A word-for-word copy of the listing is what's needed; leave out every image.

* [Data below]
☆ ☆ ☆ ☆ ☆

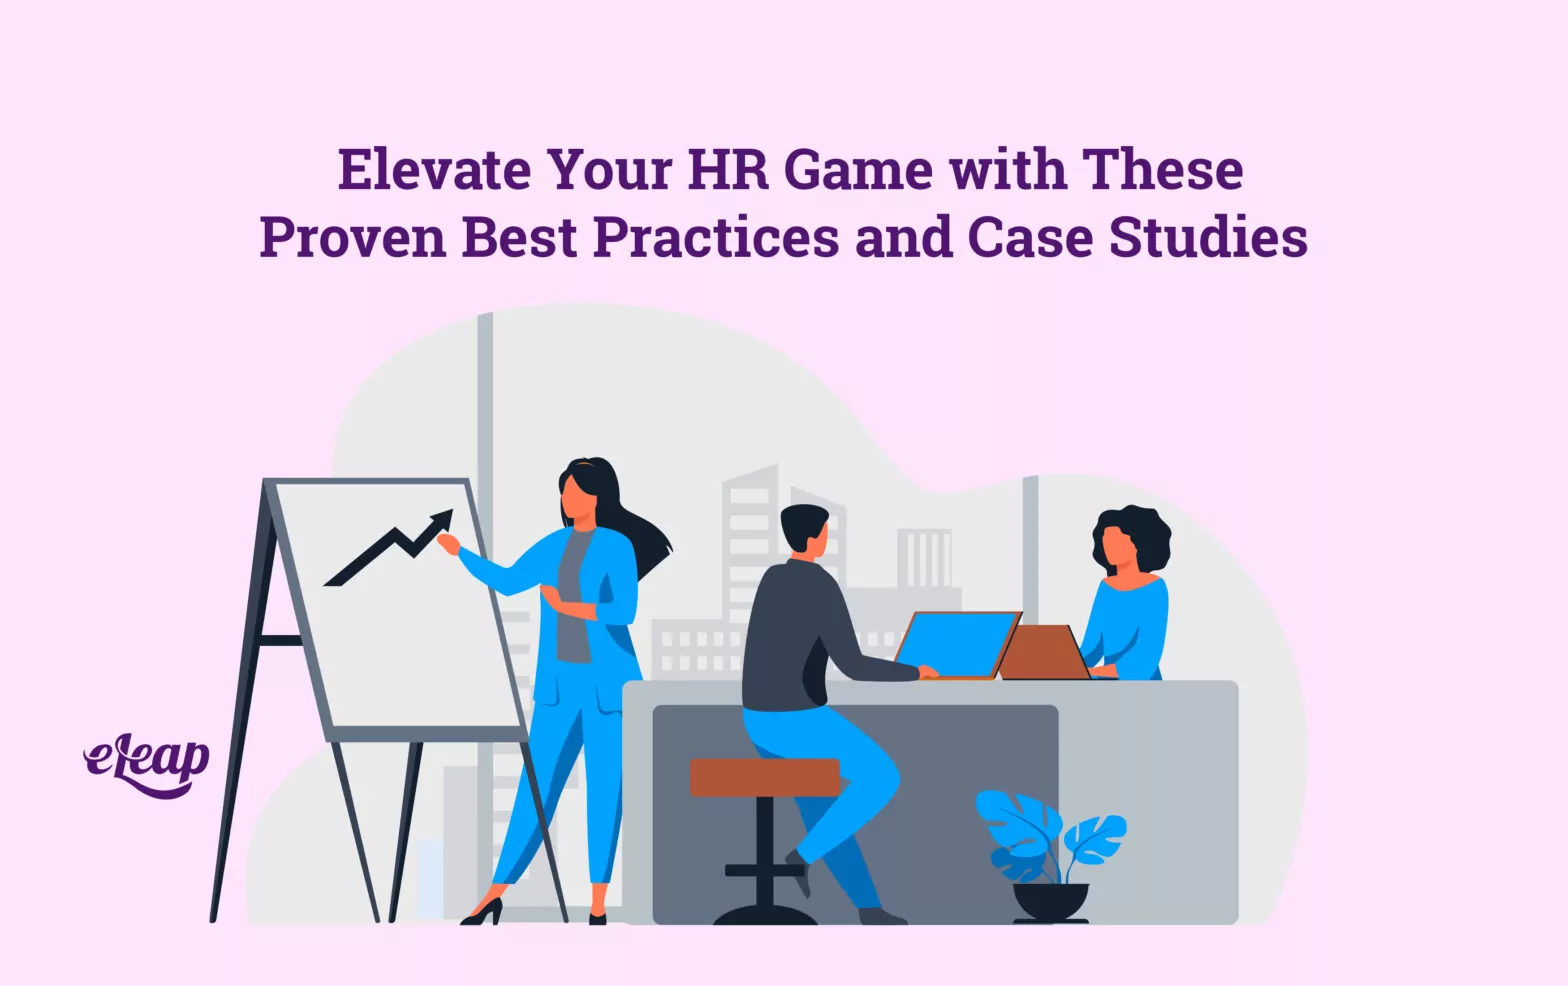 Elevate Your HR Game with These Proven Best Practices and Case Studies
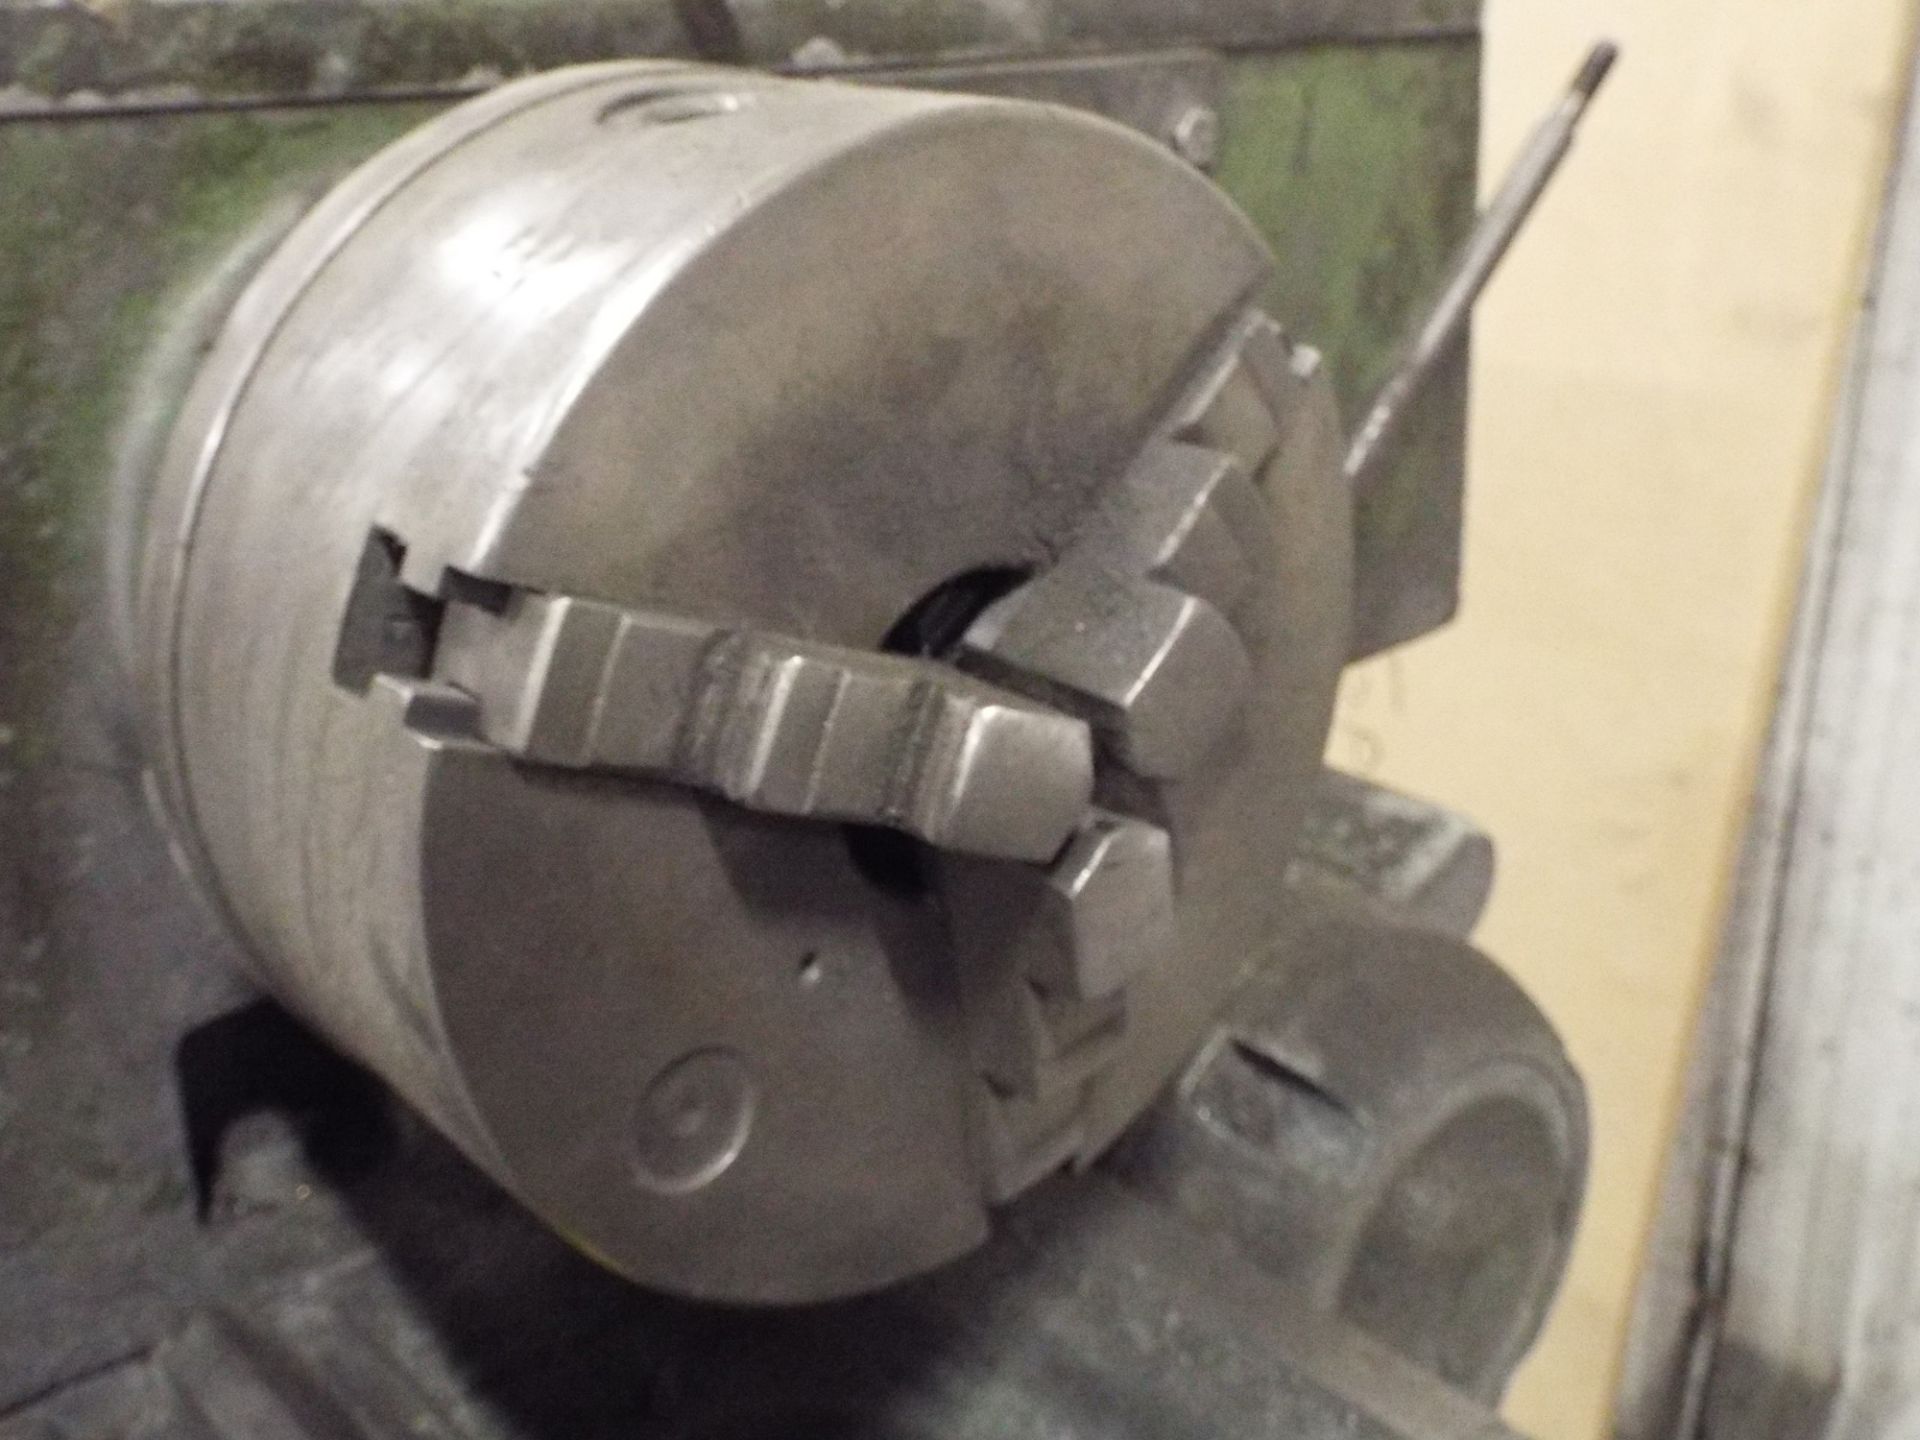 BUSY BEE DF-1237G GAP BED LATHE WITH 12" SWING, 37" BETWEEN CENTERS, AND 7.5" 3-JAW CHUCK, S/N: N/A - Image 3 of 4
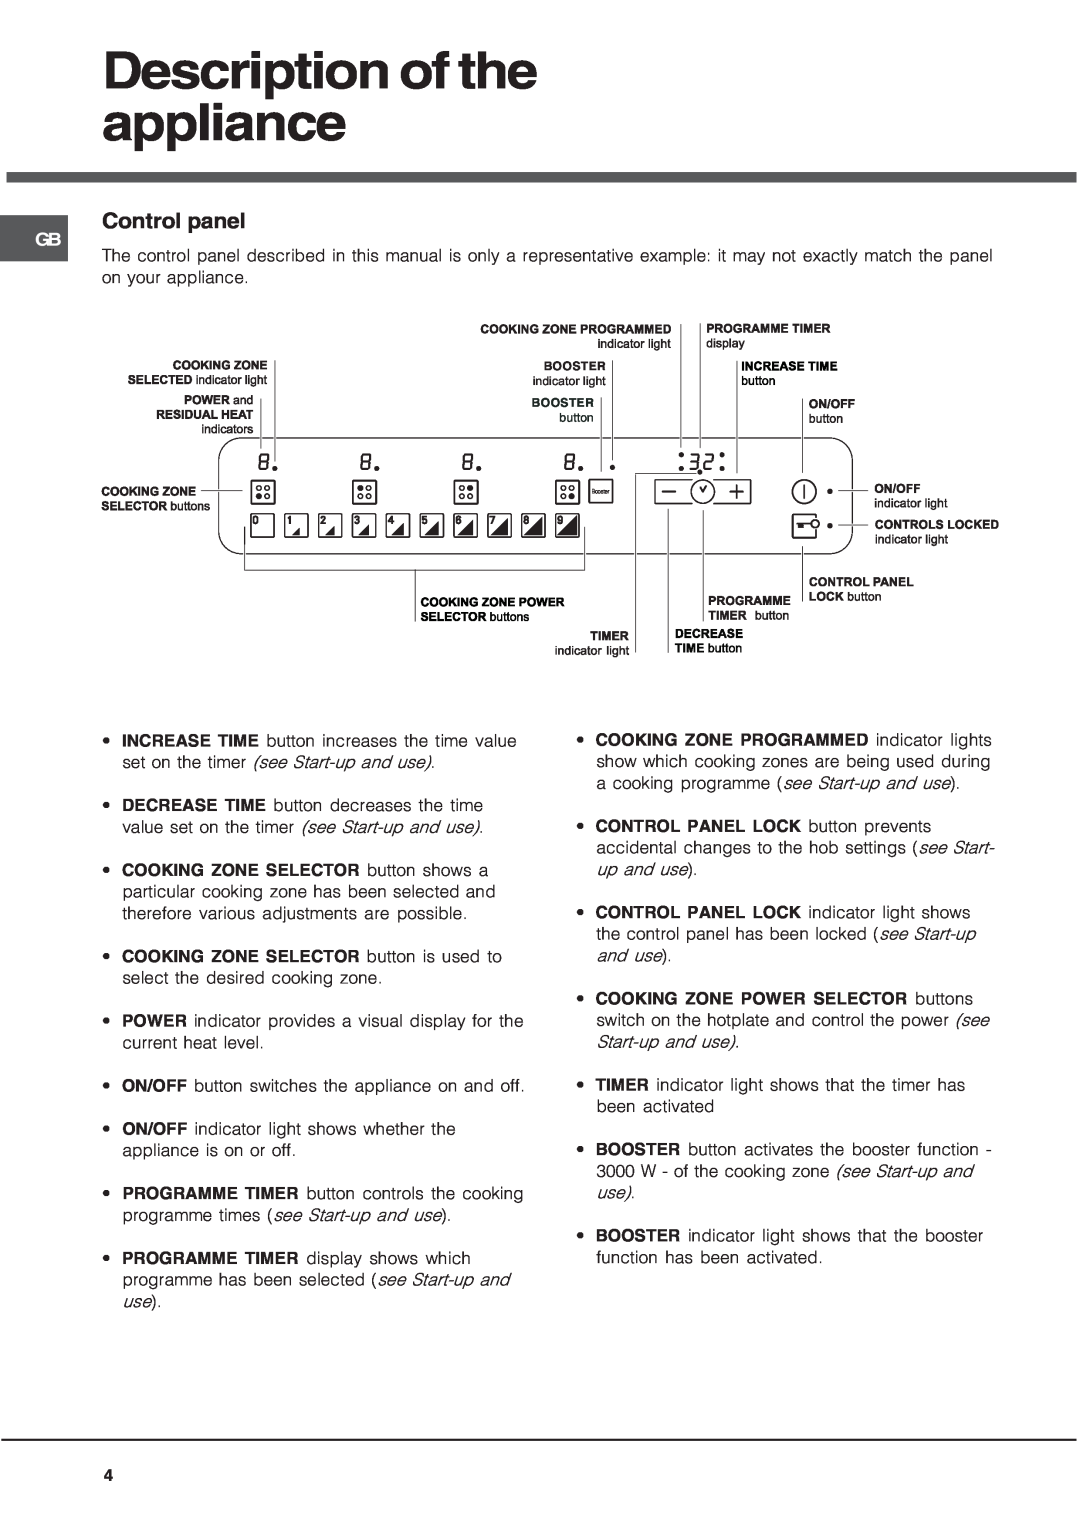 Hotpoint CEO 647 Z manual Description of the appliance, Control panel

☆ ☆ ☆ ☆ ☆

* [Expected answer]
 Elevate Your HR Game with These Proven Best Practices and Case Studies
 BUSY BEE DF-1237G GAP BED LATHE WITH 12" SWING, 37" BETWEEN CENTERS, AND 7.5" 3-JAW CHUCK, S/N: N/A - Image 3 of 4
 Hotpoint CEO 647 Z manual Description of the appliance, Control panel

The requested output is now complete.